Understanding Japan: Geography

Japan is made up of 4 major and main islands: Hokkaido, Honshu, Shikoku, and Kyushu, as well as the thousands of southern islands that make up the Okinawa archipelago. Most tourists concentrate on Honshu, the largest of the islands and home to the best-known and most visited cities such as Tokyo, Kyoto, Osaka, and Hiroshima.

Japan is very close to Taiwan and Korea, and I almost couldn’t help myself including at least Taipei and Seoul in the travel itinerary. China is also right around the corner, but I believe that to contemplate both countries you’d need at least a month or 40 days of travel.

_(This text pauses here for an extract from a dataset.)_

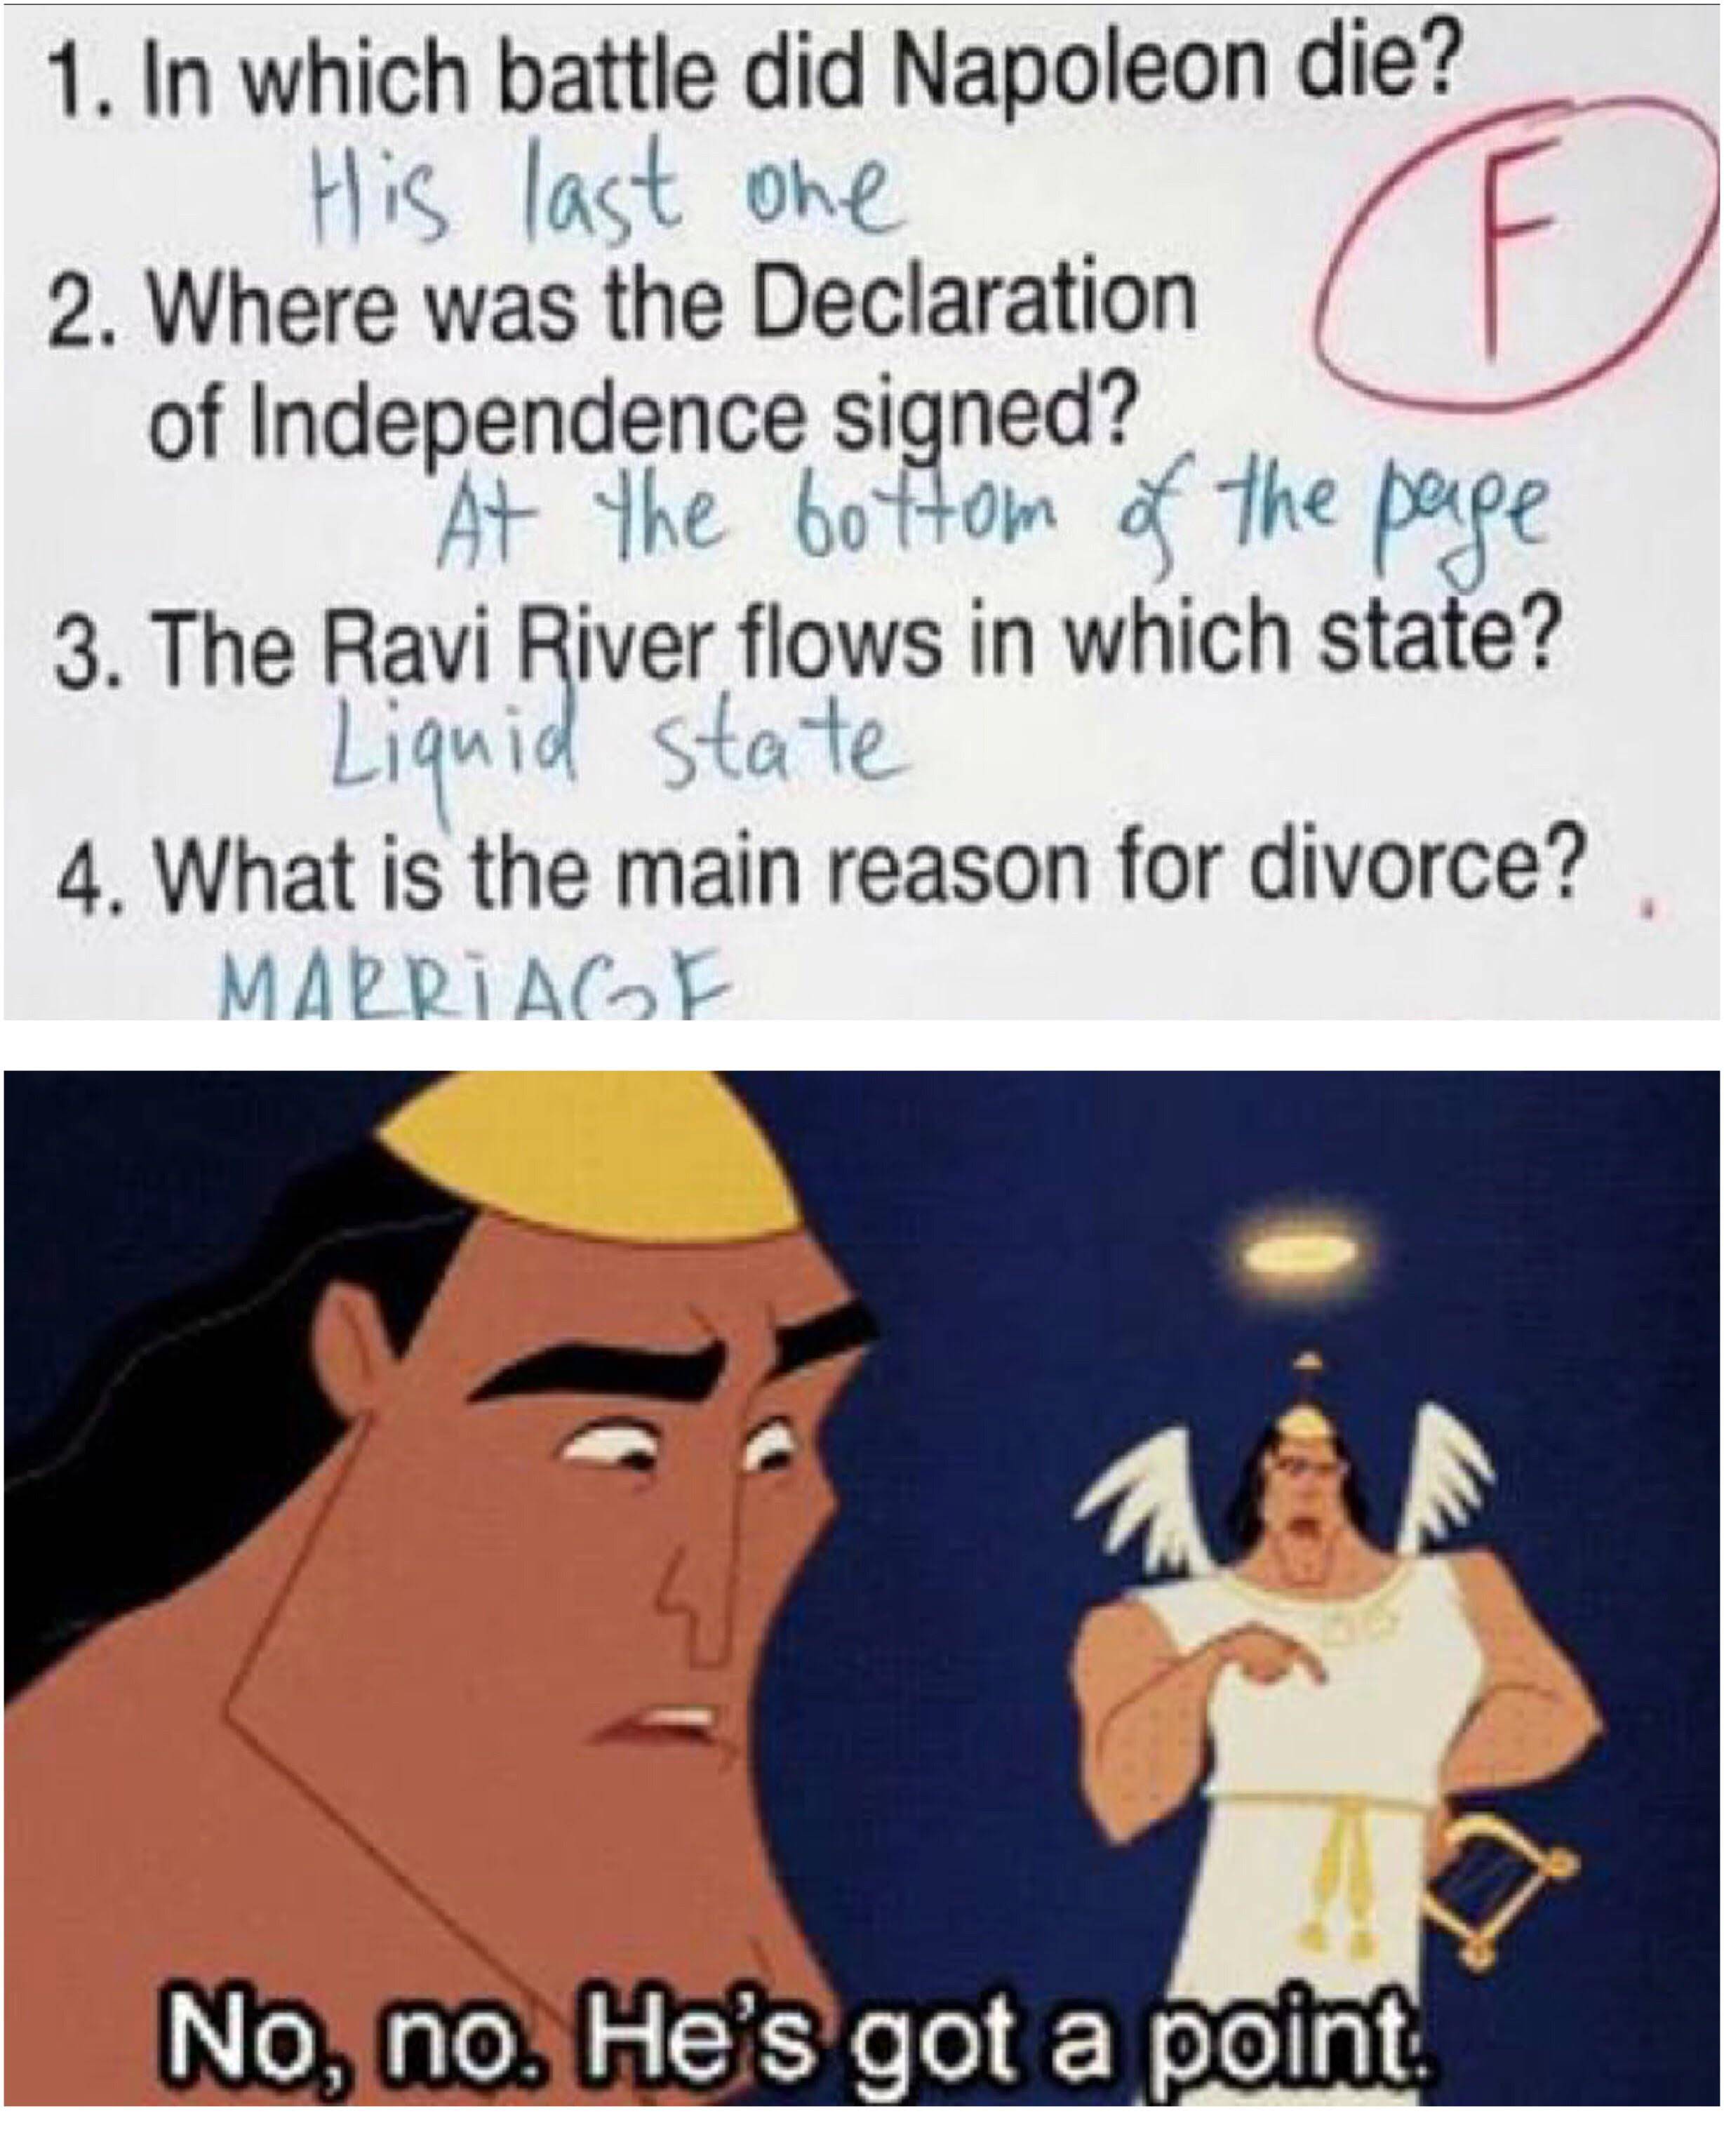 dank memes - no no he's got a point meme - G 1. In which battle did Napoleon die? His last one 2. Where was the Declaration of Independence signed? " At the bottom of the page 3. The Ravi River flows in which state? Liquid state 4. What is the main reason

I tried to show to you guys the 4 major islands and the smaller Okinawa islands. I know the art is horrible, but you can get the picture, right? =)

Religion in Japan

Japan’s native and oldest religion is Shinto, or the path of the gods (Shin = god and to = path). From what we’ve seen, read and heard from our guides, Shinto considers sacred all the elements of nature, which are the Kami deities, which can be represented in hills, rocks, trees, and many other elements.

In the sixth century, Buddhism arrived in Japan (starting in India, passing through China and Korea until finally reaching Japan). The two religions coexisted in the past and still do to the present day, even though they have different characteristics. If you want to dig deeper into Japan’s religions, I recommend reading this quick article from Japan’s Embassy in Brazil.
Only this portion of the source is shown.